Hi millicent- I will certainly let you know if I ever figure it out!
Well, here is the update since my last post...
I've been hearing from my H more consistantly...pretty much daily. We met for lunch last week, for a drink on Friday, we went out with friends on Saturday night and we have had dinner together the last couple of nights. Saturday night my H stayed over but he woke up early Sunday morning and said he didn't feel well so he was going to go to his apartment to sleep. I suggested he could just stay and sleep at my house but he wanted to leave. Now I was mostly fine with him wanting go but I was bothered by the fact that he can't feel "at home" enough to want to just sleep and relax at my house. It made me feel like we are no closer to him coming home...that frustration certainly gave me something to talk to the C when we had our session night before last.

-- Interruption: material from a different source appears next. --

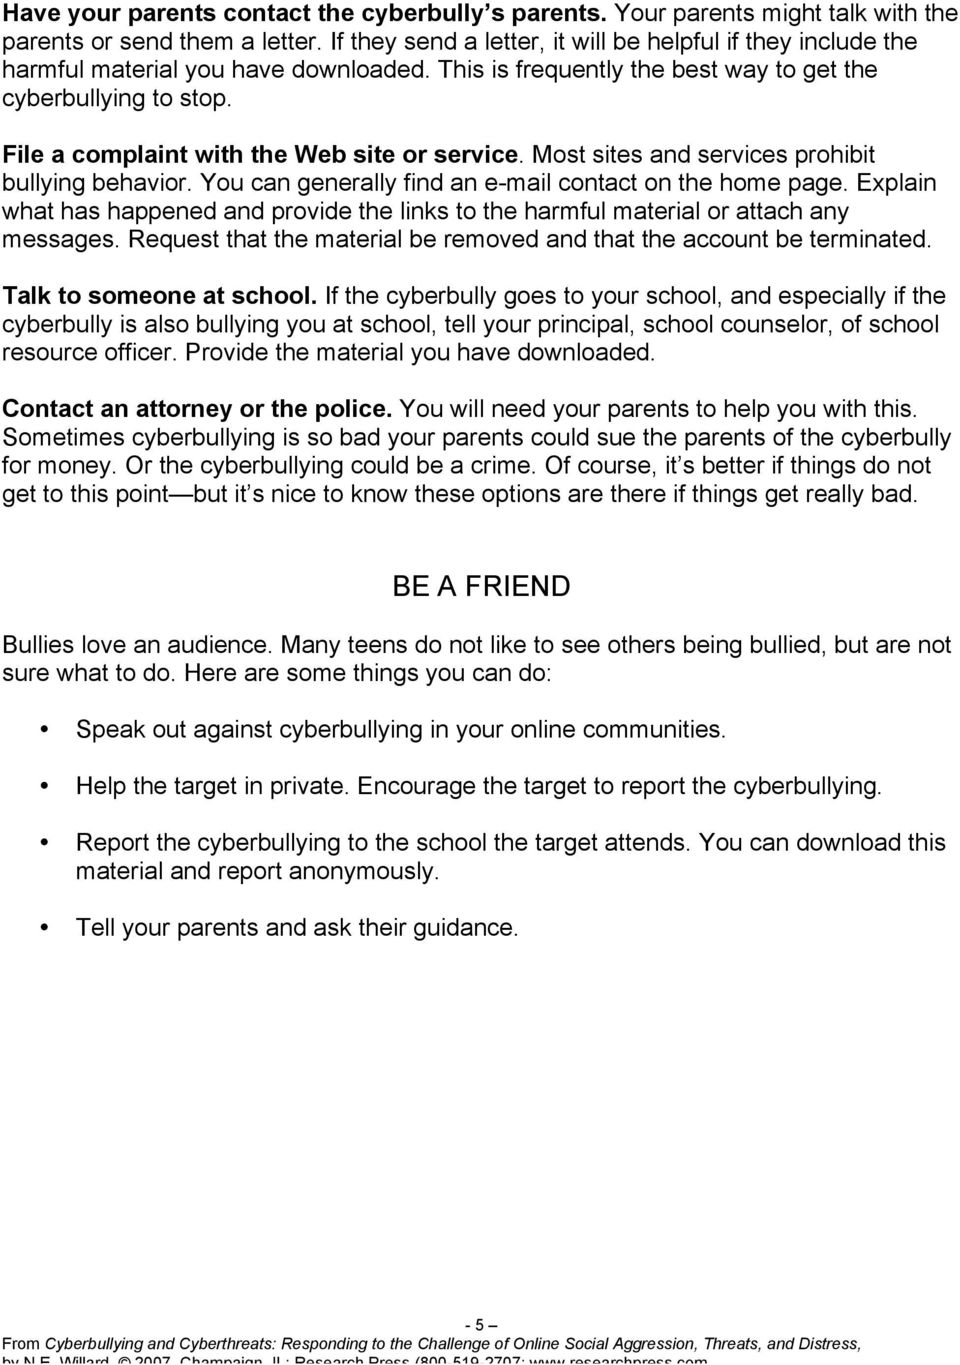 File a complaint with the Web site or service. Most sites and services prohibit bullying behavior. You can generally find an e-mail contact on the home page.

I had an opportunity to vent one-on-one with the C since my H showed up late again for the session . I told the C that I do see progress but not that much and I am getting tired of it. He agreed that we are making slow progress and then he told me that he thinks my H is more afraid of losing me than I am of losing him. I think him saying that opened the door for me to say what I have been feeling to my H...so when my H finally showed up at C, I laid it all out there. We talked about him moving home and he acknowledged that I said I would like him to move home before the holidays. He said he had been thinking about moving home before the end of the year (he never told me that but he thought he had ). My H said his main concern about moving back is whether or not I "get it"..."get it" meaning accepting him for who he is, not mothering him and telling him what to do, not trying to guilt him into doing the thing I want him to do, etc...The C asked what percentage he thinks I get it now. My H said 85%. The C asked what percentage he thought I "got it" at the beginning of summer. My H said 50%. The C seemed extremely encouraged by the progress. My H also talked about and stressed what a big deal it was for him to leave the marriage because it was so uncharacteristic of him to do something like that. Now the C wants us both to make a list of what expectations we have when we live together again. Hmmm...this could be interesting. I gotten so used to having no expectations that I'm having difficulty finding things to put on my list.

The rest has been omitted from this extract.